Negotiating a Farmland Lease
17 August 2017
Leasing some farmland soon? The farm and ranch management team from The University of Nebraska provides some great information on tips for negotiating a farmland lease through a series of webinars. These webinars look at current lease values, leasing alternatives and give suggestions on how to communicate to hold leasing costs down.
There are three considerations for cash leasing farmland: cash leases, crop shared leases, and flexible cash leases.
· Cash leases are the most popular but it hasn’t really worked well since 2007. This is mainly because when commodity prices go down cash leases can’t adjust fast enough. The same thing goes for when commodity prices go up cash leases can’t meet up to the commodity price therefore the tenant bears all of the risk.
· Another type is crop shared leases. Those are still in use. They are very fair but not popular among landlords because they pay for the all of the expenses. The risk is shared between the tenant and the landlord.
· The third type is flexible cash leases. Again the risk is shared. It’s more of a crop share than a cash lease. Landlords typically do not pay production costs.
It’s important to know that the tenant and the landlord must have good communication to have a good lease. It’s the tenant’s responsibility to share information like production, yield information, challenges, growing seasons, etc. with the landlord and it’s the landlord’s responsibility to share expectations for managing his or her asset with the tenant. This is to avoid any future conflict.
That is why the farm and ranch management team from The University of Nebraska suggests that an attorney get involved when negotiating or even re-negotiating a lease. It’s best to get everything in writing.
So when is the right time to give up on a lease?

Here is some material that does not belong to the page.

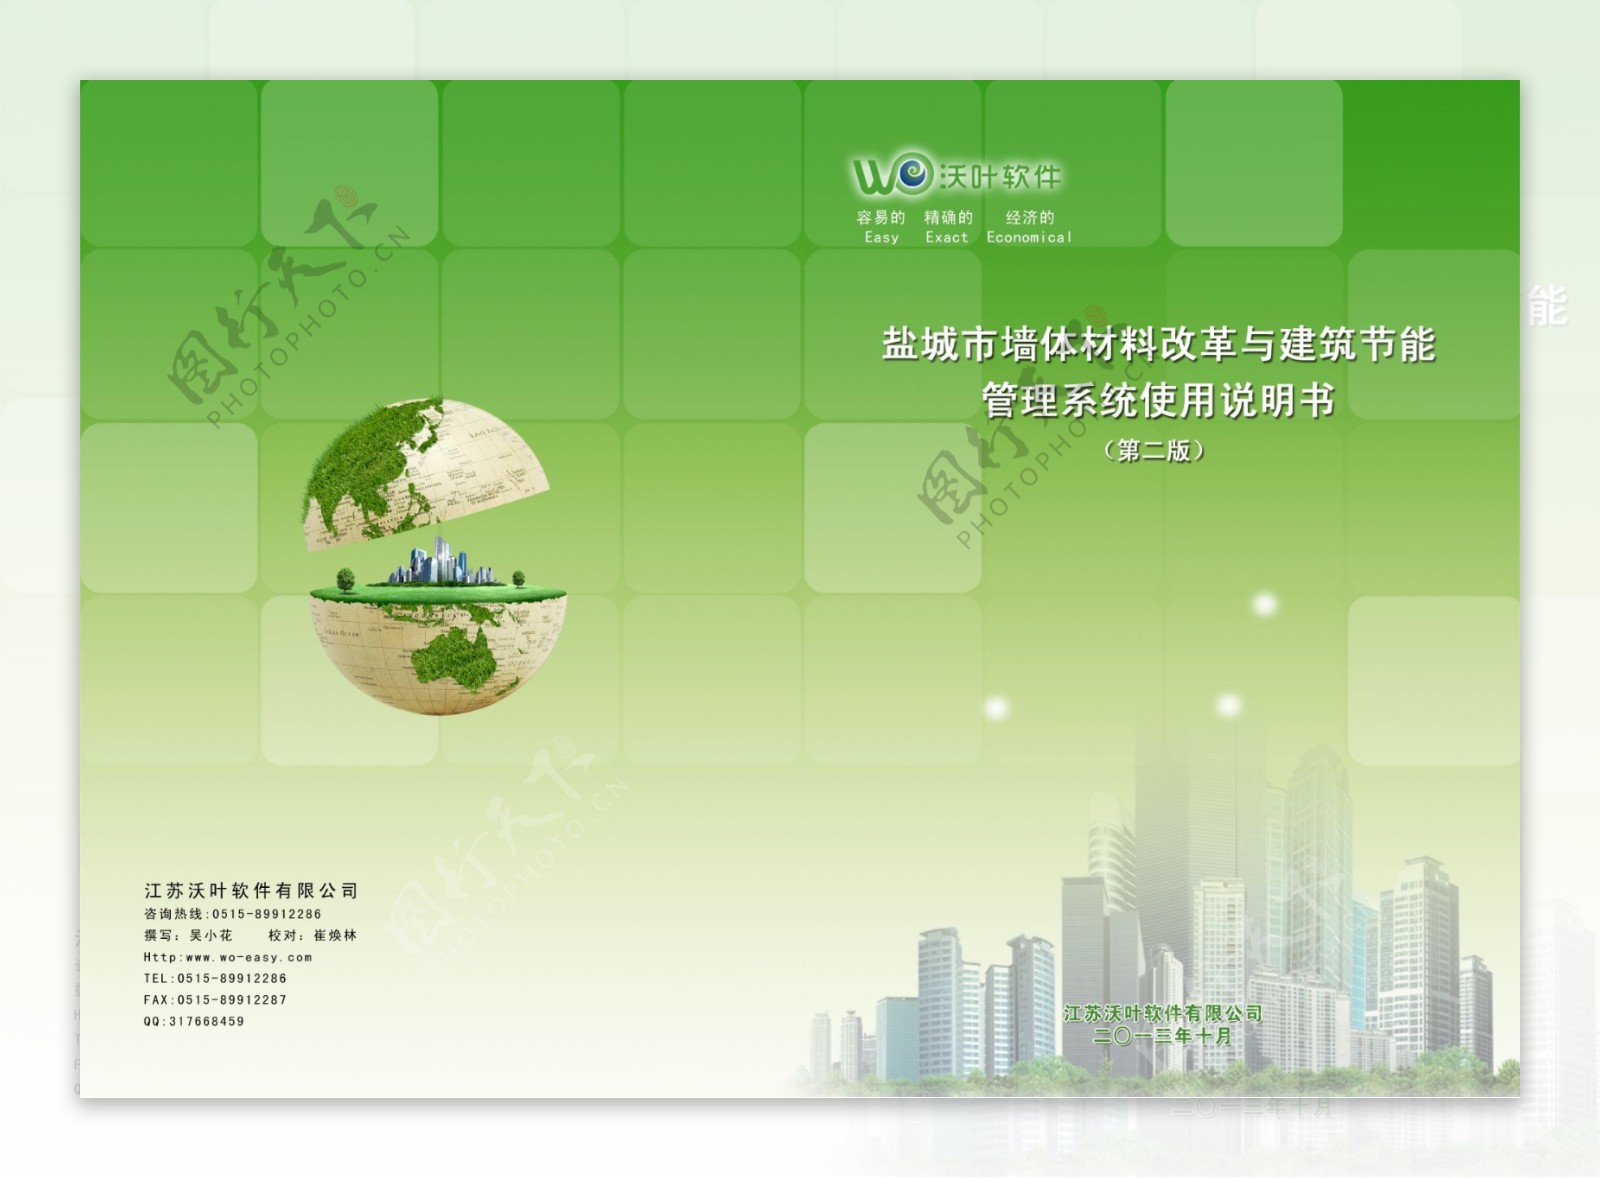 江苏沃叶软件封面图片

Whether it’s a long term or a short term lease there are three types of expenses.
· Direct is the first one, the tenant goes away with fewer acres.
· The second is overhead where expenses stay the same regardless of acres.
· The last one is non-farm expenses such as farm living and income taxes.
Gross income could be larger than all three types of expenses and that’s normally produced in a long term lease.
The webinar states that when leasing farmland the tenant should also look at flexible cash rent provisions and make sure to modify the current cash lease to changes in farm performance. Evaluate the prices, yields, and revenue. Flexible cash rent doesn’t act as bonus schedule and it’s not a profit machine. Flex leases will increase or decrease rent but will not save the farm if base rents are too high or too low or if management is poor. It’s important to become knowledgeable on how flex leases work. Start using them in your operation and investment. Also get help before you need it whether its’ from a university or even legal help and industry experts.